Peut-être, parmi les disciples, parmi la foule, y en a-t-il qui veulent faire respecter l’injonction de Jésus de ne pas utiliser le titre messianique. Mais quelle que soit le bien-fondé de leur intervention, quelle que soit leur bonne intention, ils en viennent à chercher à faire taire cet homme. Ils entendent ce qu’il dit, les mots qu’il emploie, et cela leur cache qu’avant tout il crie, il appelle au secours. La position revendiquée de disciple, trop facilement, ne conduit pas à Jésus mais coupe les autres de lui, dès qu’elle est mêlée d’un zest de puissance : il ne dit pas ce qu’il faut, il ne dit pas comme il faut, etc. Le disciple revendiqué estime vite qu’il y a une manière de s’adresser à Jésus, une manière de formuler les choses, et il veut juger, faire le tri, trancher, que ce soit au nom de la décence ou de l’orthodoxie.

« Et s’arrêtant, Jésus dit : « Appelez-le ». La persévérance de Bartimée a eu raison de la foule et des obstacles, en tous cas elle obtient un premier résultat : Jésus s’arrête. Il ne dévie pas de sa trajectoire, il ne fait pas de retour en arrière, il ne fait pas de crochet, mais il s’interrompt. Le grec dit littéralement : « il se tient là« , debout. Et puis il convoque : on lui donne le titre royal, il se comporte comme un roi, il mande. Mais à qui donne-t-il cet ordre, « Appelez-le ! » ? Nécessairement à ceux qui l’entourent. Et c’est ainsi qu’il transforme déjà leur rôle, qu’il remet son entourage dans l’axe qu’ils avaient quitté : il fait d’eux les vecteurs qui conduisent à lui, non les obstacles à sa rencontre. A l’aube de son ministère, il avait « appelé » les quatre premiers disciples à sa suite. Maintenant, il enjoint à son entourage d’appeler, lui aussi.
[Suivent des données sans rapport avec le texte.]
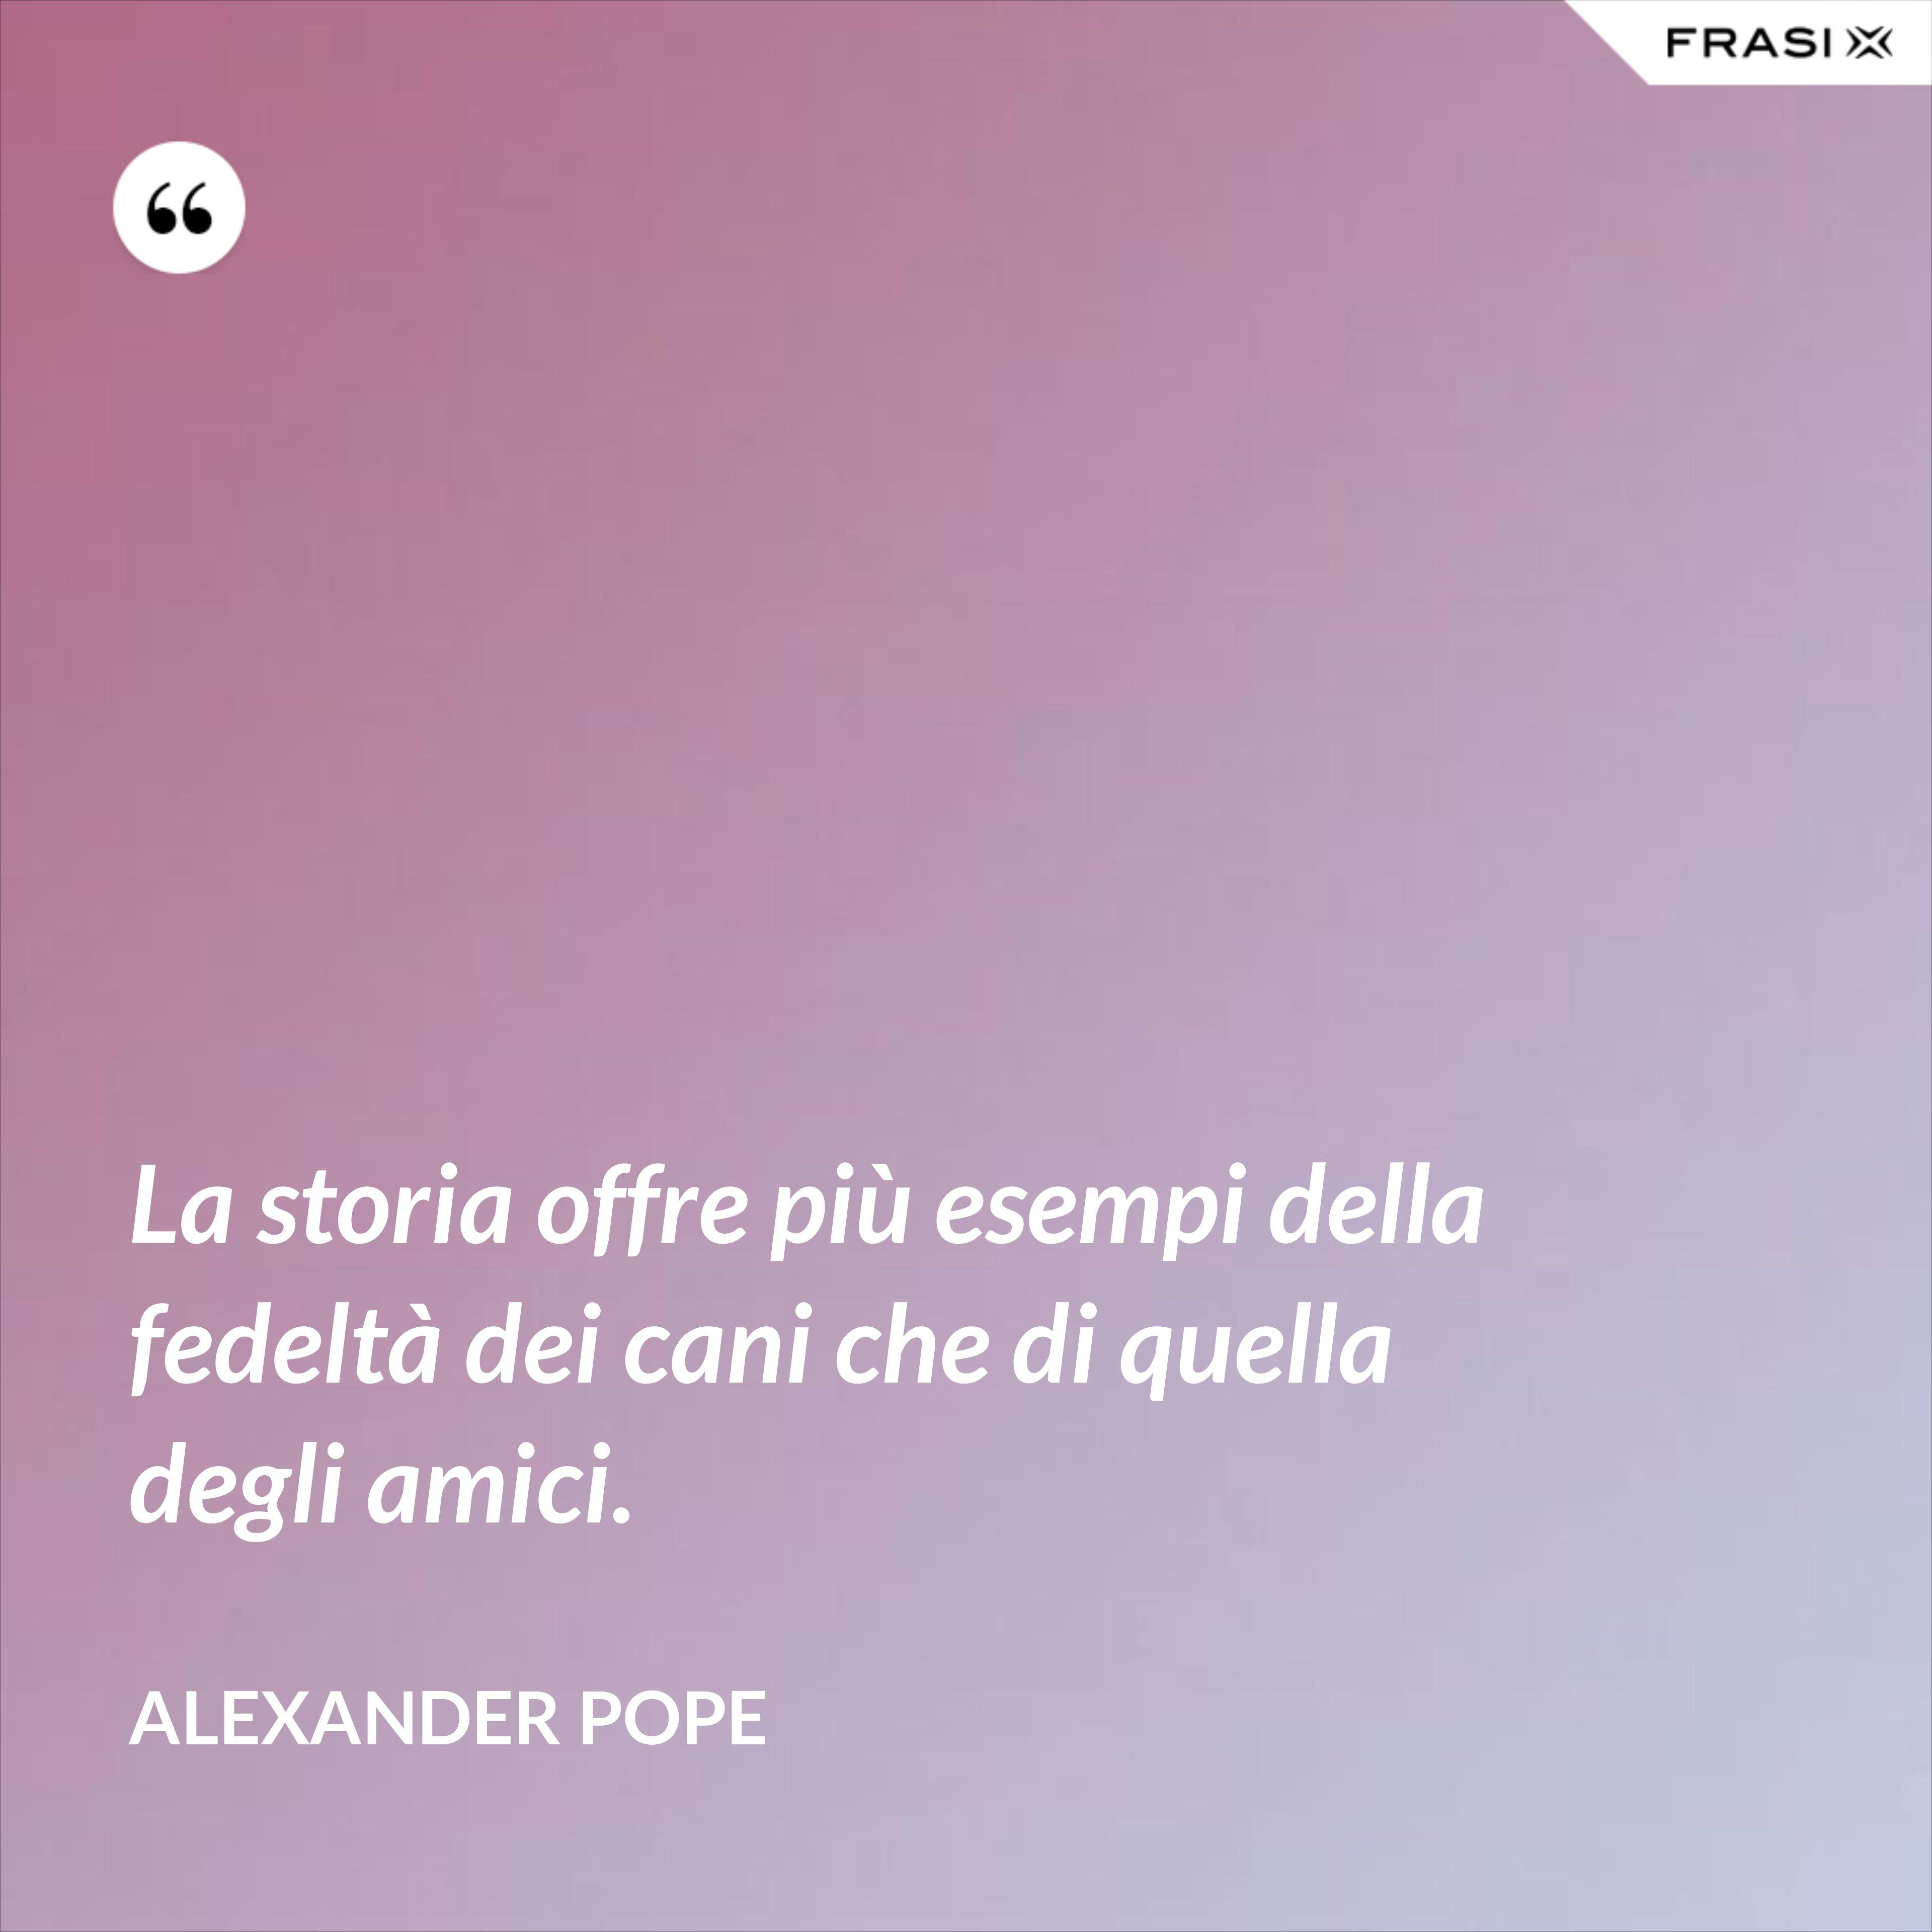 La storia offre più esempi della fedeltà dei cani che di quella degli amici. - Alexander Pope

« Et ils appellent l’aveugle, en lui disant : « Courage, lève-toi, il t’appelle ». La foule, qui l’instant d’avant voulait le faire taire, change aussitôt d’attitude, elle se fait cette fois encourageante, rassurante. Ils font plus que ce qui leur est enjoint, alors qu’ils ne savent rien des intentions du maître : qui sait s’il ne va pas tancer vertement l’aveugle pour les mots qu’il emploie, et pour le comportement qu’il adopte ? Mais non, ils ajoutent des mots, « courage !« , ou tout simplement « allez ! » qui est peut-être une meilleure traduction, dans la mesure où rien ne montre que la foule ait des raisons d’encourager l’aveugle mendiant, peut-être seulement de le bousculer un peu ; « lève-toi, il t’appelle. » Les messagers le forcent à quitter sa position de mendiant qui apitoie. Ils laissent deviner ce qu’ils vont faire : comme « il t’appelle« , nous allons te prendre par le bras et te conduire à lui, mais « lève-toi » pour cela, rends-toi disponible à te laisser conduire. Soit dit en passant, si on se met à la place de l’aveugle, c’est lui demander beaucoup : c’est à ceux qui l’instant d’avant lui enjoignaient de se taire qu’il doit maintenant se confier « aveuglément », au sens fort ! C’est un peu se jeter dans la gueule du loup…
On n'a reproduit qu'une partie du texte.